I never do cloning because even if I have a lot of machines, I don't have much that are exactly the same. And the cloning, by definition, is for that : the installation of one system on one disk, for a lot of machines which are perfectly identical. And SSD and hard disks are not the same. Technology-wise of course, and the data are not stored the same way. So, your HDD installation will not be optimized for an SSD. At work, they cloned my HDD OS on an SSD. It's acceptable, but I have problems I never had before (the Windows applications which I must launch twice to use them). Very weird… The kind of things I don't want to have to deal with on my machines.
And I'm not sure, but to work well, an HDD must be defragmented. Not the SSD. Defragmentation is one of the worst things for this type of disks. SSD have a system named TRIM, which will place the data randomly on the chips, to limit their wear. It's the total opposite of the defragmentation. You install your Windows on a HDD : defragmentation is enabled. You install it on an SSD, it will not (or it will be, but not like on an HDD). If the cloning program doesn't disable defragmentation, you'll have it running on your SSD and this one will quickly deperish.
So, the best is to do a clean install. It doesn't take much time on modern machines with SSDs, say ca. 30 mn. The longest comes after (install the applications, modify the parameters of the system, personnalize it). And if cloning goes wrong, you'll take probably a lot of time to troubleshoot it, more time than the time requested to do a clean installation.

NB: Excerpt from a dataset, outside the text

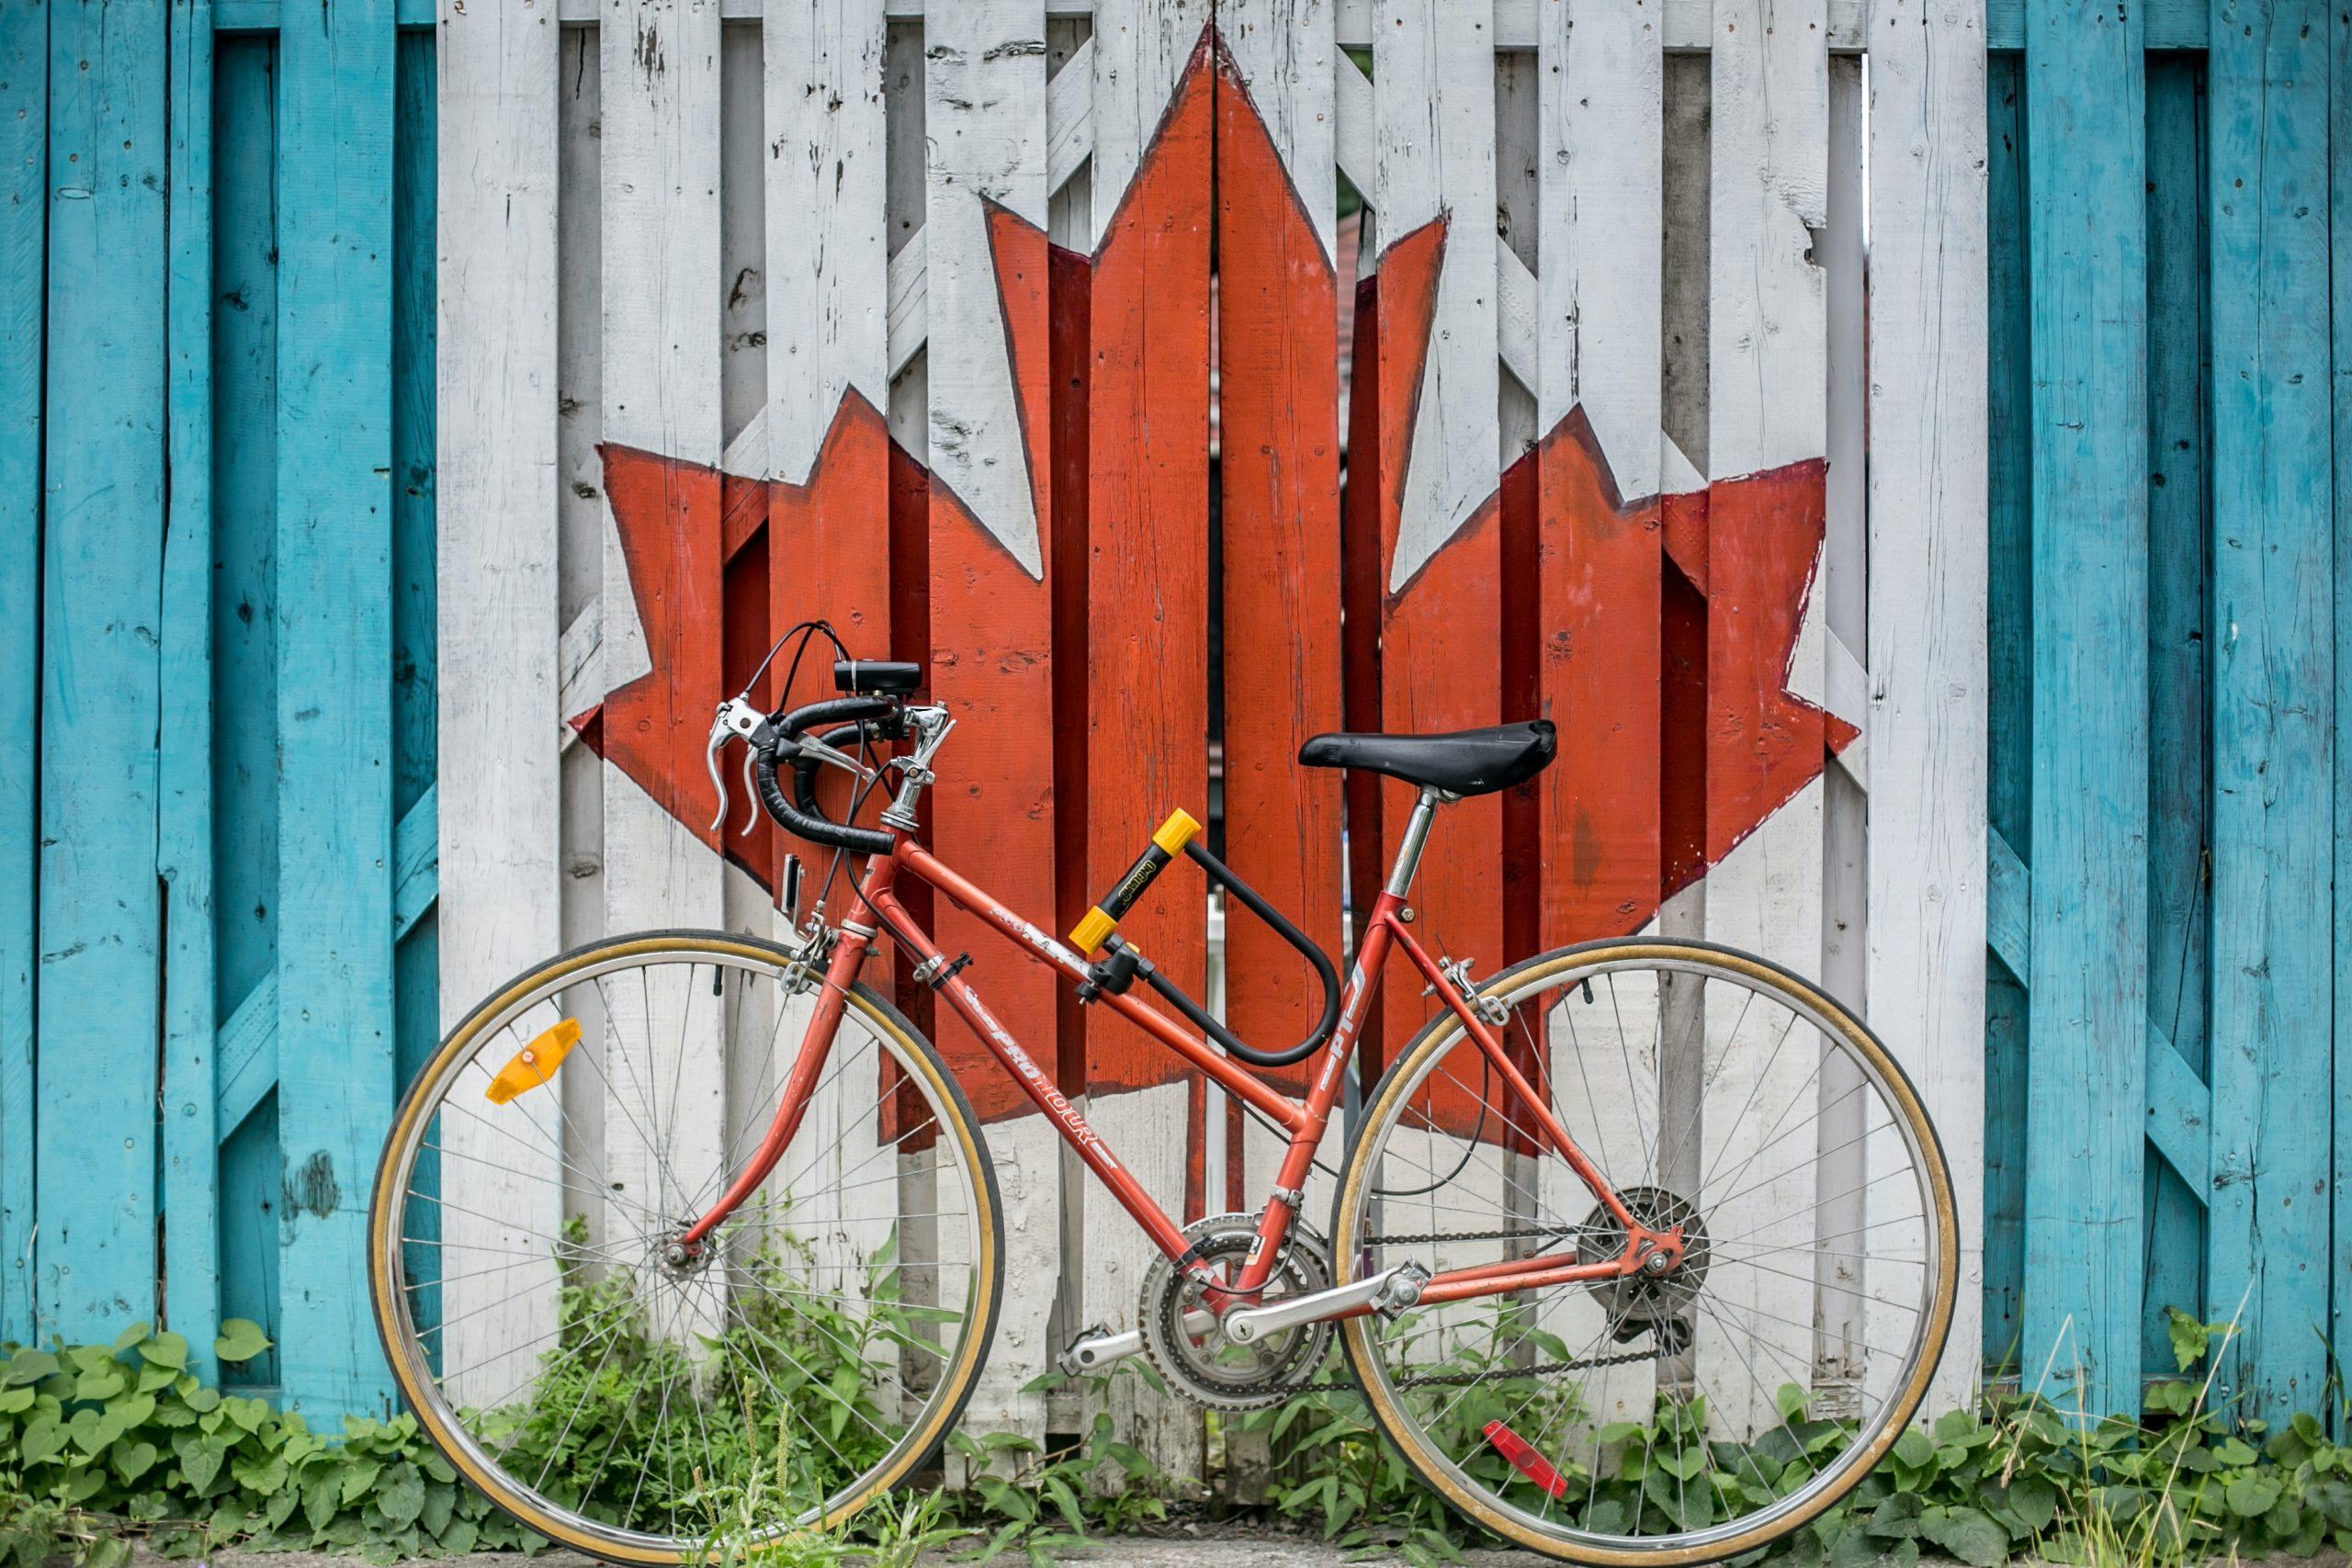 bike resting on a fence

If you install Windows 10, you better create a new installation media, with, for example, Media Creation Tool). You'll be able to install the latest Windows version (the 20H2 at the time I'm writing this) and as it's from last fall, you won't have too much updates to install and the system will be pretty clean.
W.
Re: Upgrade T9600 CPU for T400
Posted: Mon Jun 06, 2022 11:28 am
by owen8961
farfignoogin wrote: ↑Fri Apr 02, 2021 7:24 am
i just bought a T9600 for my T400 on ebay for $20. Said open box...from China...now starting to second guess myself as to quality and legit description of open box. Anyone’s experiences with similar situations is much appreciated! Thanks!

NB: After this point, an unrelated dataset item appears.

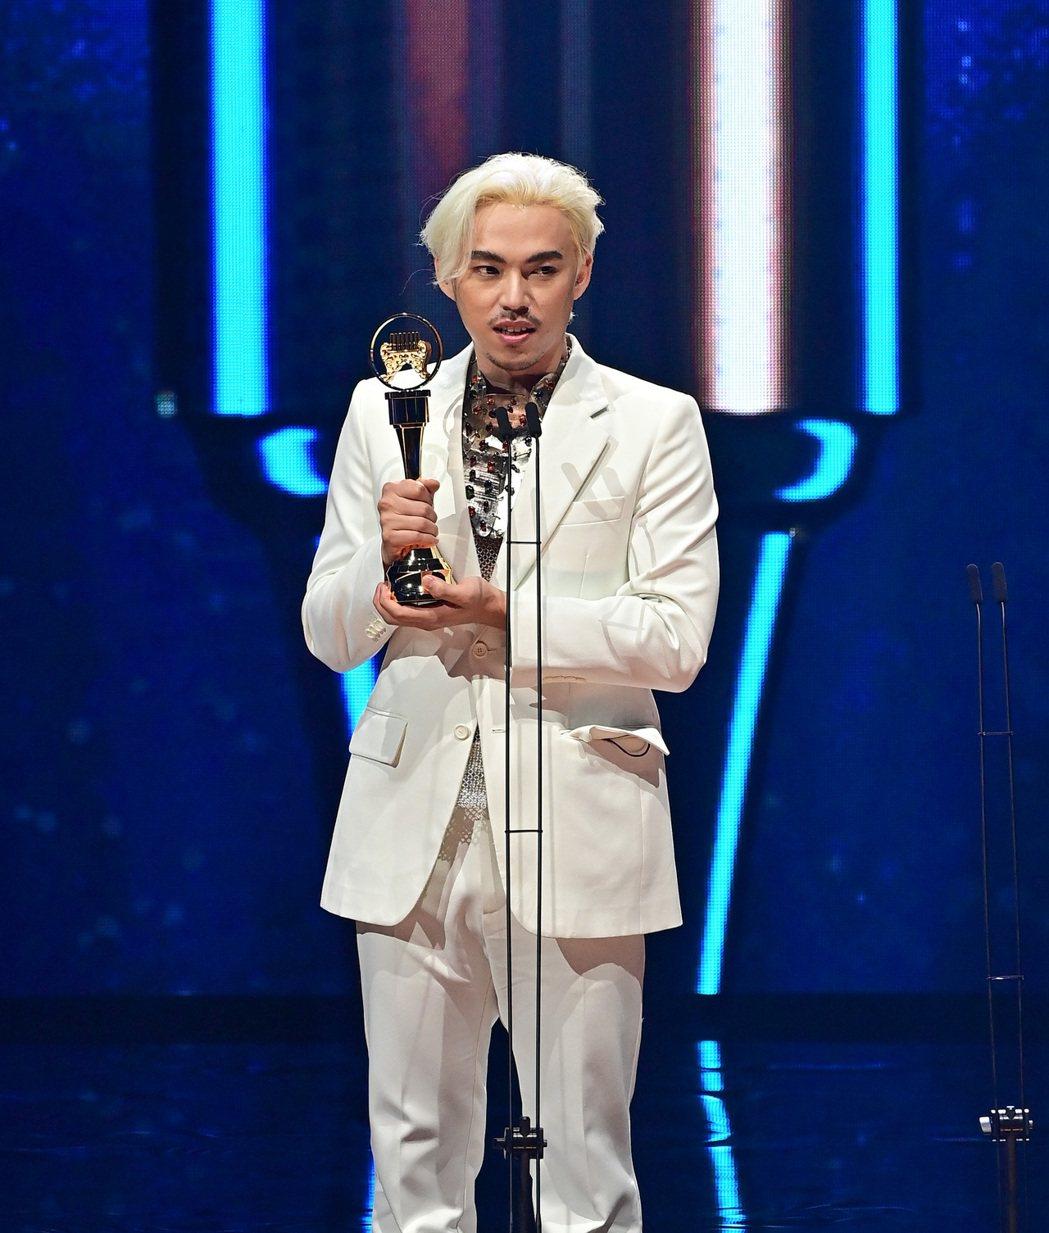 HUSH奪最佳作曲人獎。圖/台視提供

Well, you know, T400 was a model released after Lenovo aquired thinkpad. So, all the T400 was made in China.
Re: Upgrade T9600 CPU for T400
Posted: Thu Jul 28, 2022 2:12 pm
by dimamyth
BTW, I deliberately replaced the T9600 in my T400 with the P9600. The speed difference is only about 5-10%, but the P9600 is MUCH colder thing due of its 25W TDP (T9600 has 35 watt TDP). I recommend the OP to use a P-series CPU, if you can find one.
Re: Upgrade T9600 CPU for T400
Posted: Thu Jan 05, 2023 7:25 am
by jankihaii3
I am planning to changing the cpu...it has aged to a ripe old age.. p8400.
Are there NO heat problems with the T series cpu?.
vidmate.app stream videos
Re: Upgrade T9600 CPU for T400
Posted: Thu Jan 05, 2023 4:51 pm
by kfzhu1229
jankihaii3 wrote: ↑Thu Jan 05, 2023 7:25 am
I am planning to changing the cpu...it has aged to a ripe old age.. p8400.
Are there NO heat problems with the T series cpu?.
From my experience with laptops of GM45/PM45 and even modded 965GM/PM based laptops, the Core 2 duo T9600 does indeed run significantly hotter than a Core 2 duo P8800, which on itself also runs a hair hotter than a P8400 (due to Intel's ambiguous way of labelling TDP).
From my observation the temps will go up a bit but more noticeably your battery life will tank and the air coming out of your heatsink will be significantly hotter because the die contact area is also like twice the size.
But keeping all that in mind, going to a T9550 or T9600 is a wise choice, or you can get a P8800 if you want more battery life since in my experience and usage the 3M and 6M cache difference in real world is much less than 2x.